I also finished the essential segments (up to segment 9) of the C text adventure series I started last week. This series is extremely complex for such a seemingly simple topic and some of the implementation was outside my grasp. I think it was good practice regardless and I enjoyed following it.

Here is a link to my personal code from the C text adventure series I followed. It is a few hundred lines and demonstrates the basic proof of concept even though most of the locations and items are undefined.

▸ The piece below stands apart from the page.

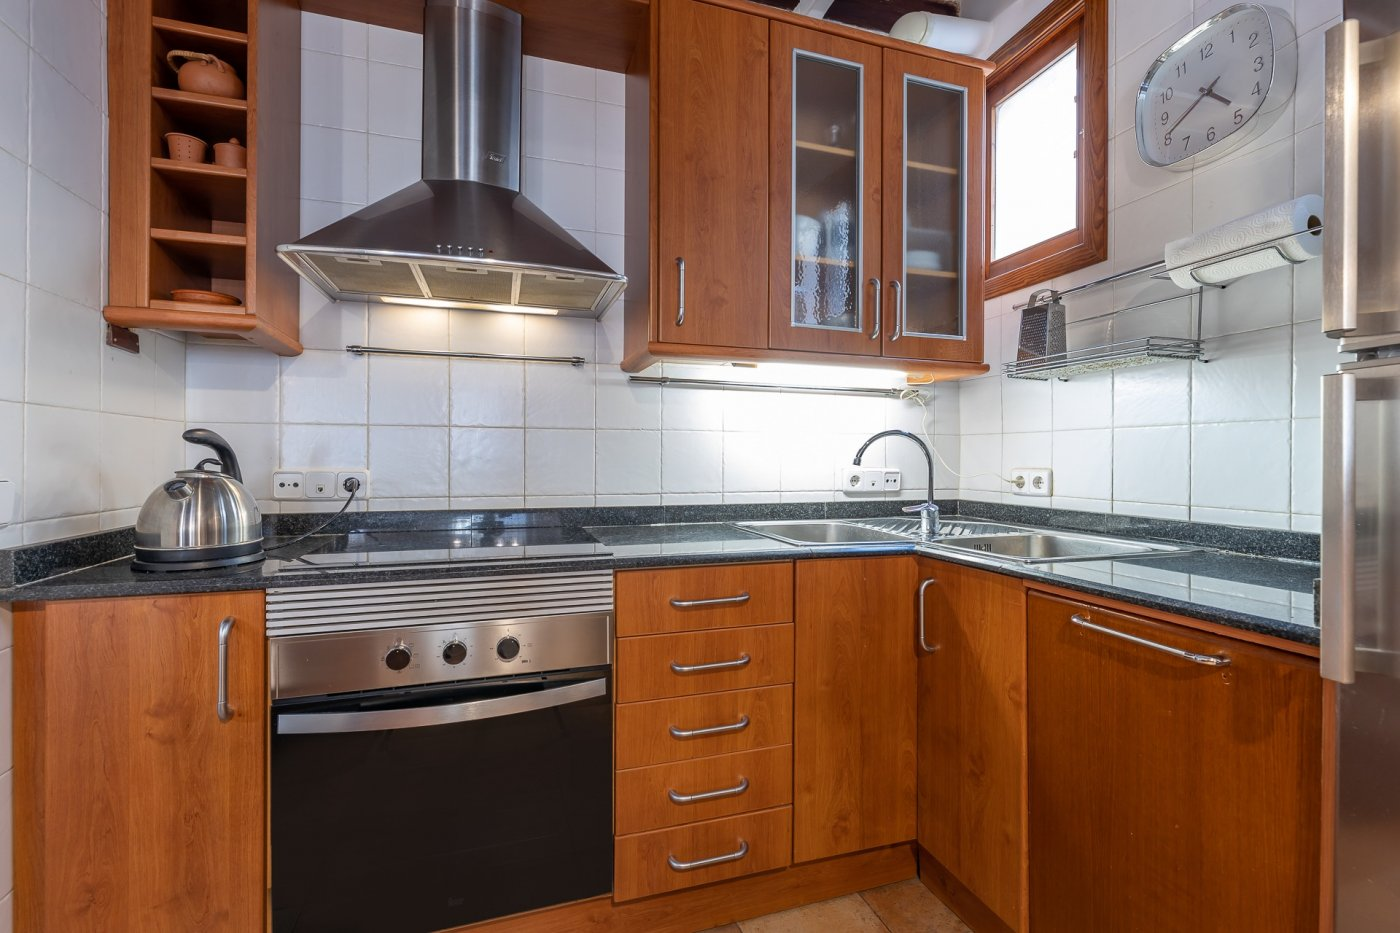 Espectacular apartamento en centro de palma - imagenInmueble23

I used the online compiler OnlineGDB.

Links:
C Programming Tutorial | Learn C programming | C language
How to program a text adventure in C
Personal code from text adventure series

Plan for next week 2/13/19-2/20/19:
I want to focus this week on consistency more than anything. @Rabby made a very good point that programming requires daily practice, and this week (just like last week) I put it off until a couple days before my next update was due. I plan on spending at least 45 minutes every morning on programming next week so that it doesn't get put off and disregarded. In the long-term making this a habit will yield greater dividends than more intense but inconsistent methodology in the moment.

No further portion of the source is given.